Hacker News new | ask | show | jobs
by jberryman 5355 days ago
Sorry, but if we're talking about the quantity of poorly documented, broken, shat-straight-onto-github libraries out there, then ruby wins by a mile.

This isn't a challenge, but I'm curious what standout libraries that ruby or python have for which Haskell is lacking in a good alternative.

2 comments

This is like claiming that Latin is a more useful language than English because almost all of the Latin you see is excellent writing by amazingly talented authors, whereas in English you have all these badly spelled text messages from your friends and Tweets from famous people and love notes from your sweetheart and baby babbles and second-grader scrawls and five-paragraph essays by high-school sophomores and job offers and breaking news and Reddit jokes and HN rants and Wikipedia articles and text-adventure games and comic-book speech balloons and bestselling dime novels to wade through in order to get to the well-written stuff.
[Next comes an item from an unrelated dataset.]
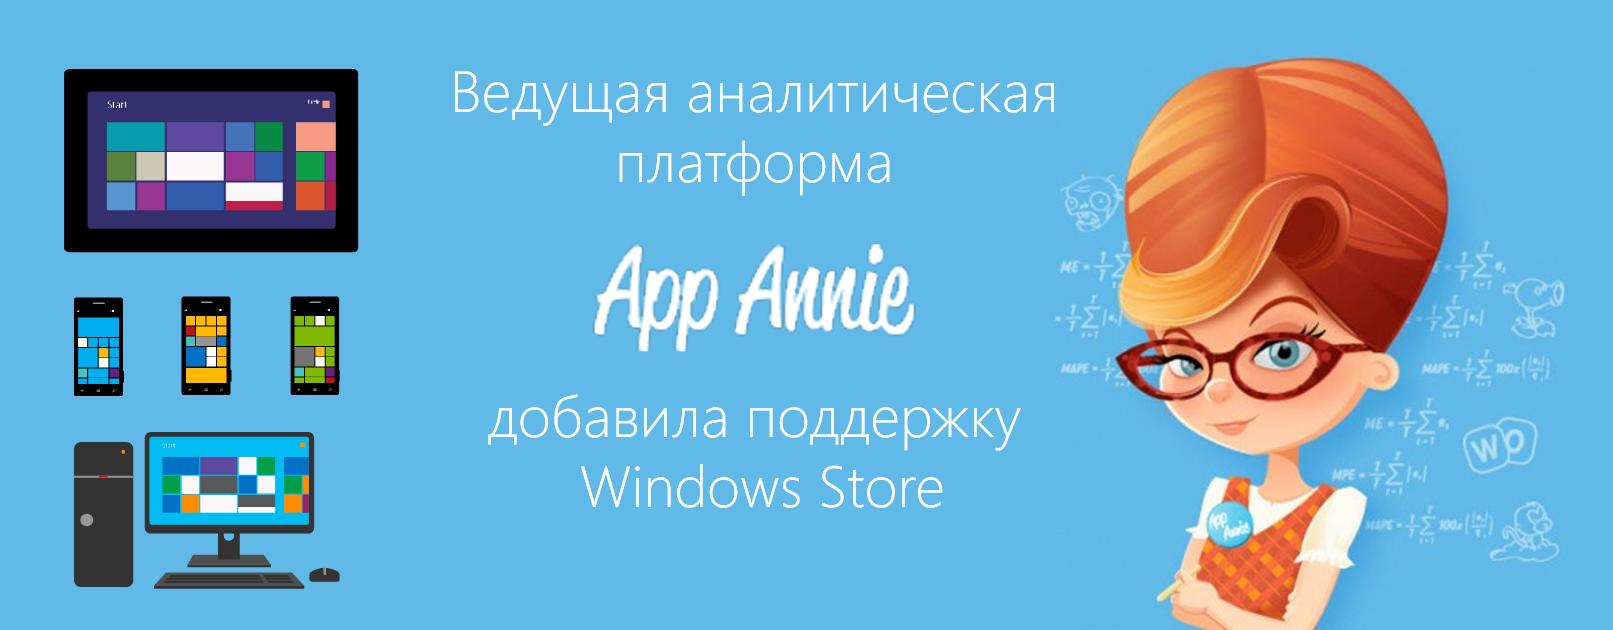 Обзор возможностей App Annie для Windows и Windows Phone разработчиков - 1

And, of course, you rarely hear Latin mispronounced. In fact, the only thing rarer than hearing Classical Latin being mispronounced is hearing it being pronounced correctly. E.g.:

http://en.wikipedia.org/wiki/Julius_Caesar

In Greek, during Caesar's time, his family name was written Καίσαρ, reflecting its contemporary pronunciation. Thus, his name is pronounced in a similar way to the pronunciation of the German Kaiser.

On the bright side, Latin does embody a vast array of fascinating tidbits like that one. Plus you can read two-thousand-year-old poetry and cast spells like Harry Potter.

It's not the quantity, it's the proportion.

I discovered this when I looked at using Scala for a particular project. The ratio of good-to-unfinished/poor libraries was much lower than for Ruby. It was also evident that code style/programming conventions had not solidified yet; it looked like the early stages of Ruby, where people weren't yet quite sure how to write "rubyesque" code. (Take a look at Ruby's standard library; it's for the most part very much out of date with "modern style" Ruby.)

I see the same kind of uncertainty with some Haskell projects, like the Text.Regex package, which I tried to figure out how to use, and failed, even with repeated google searches to find examples. The author seems to attempt at a certain ambitious programming style based on typeclasses, but since its usage is undocumented (or was, at the time I tried it ~6 months ago) you have to be a level 15 Haskell wizard to untangle its API. Similar Ruby experiments exist, and are eventually deprecated because of "too much magic".

Sure, Ruby developers create way too many projects that are never finished (or equally bad, are abandoned). But the stable of good-or-great libraries is actually very solid. Probably more so for web development than other things (Ruby doesn't have anything like Python's NumPy, for example); if you start a web project with Ruby you can get absurdly productive by just harnessing a few existing gems.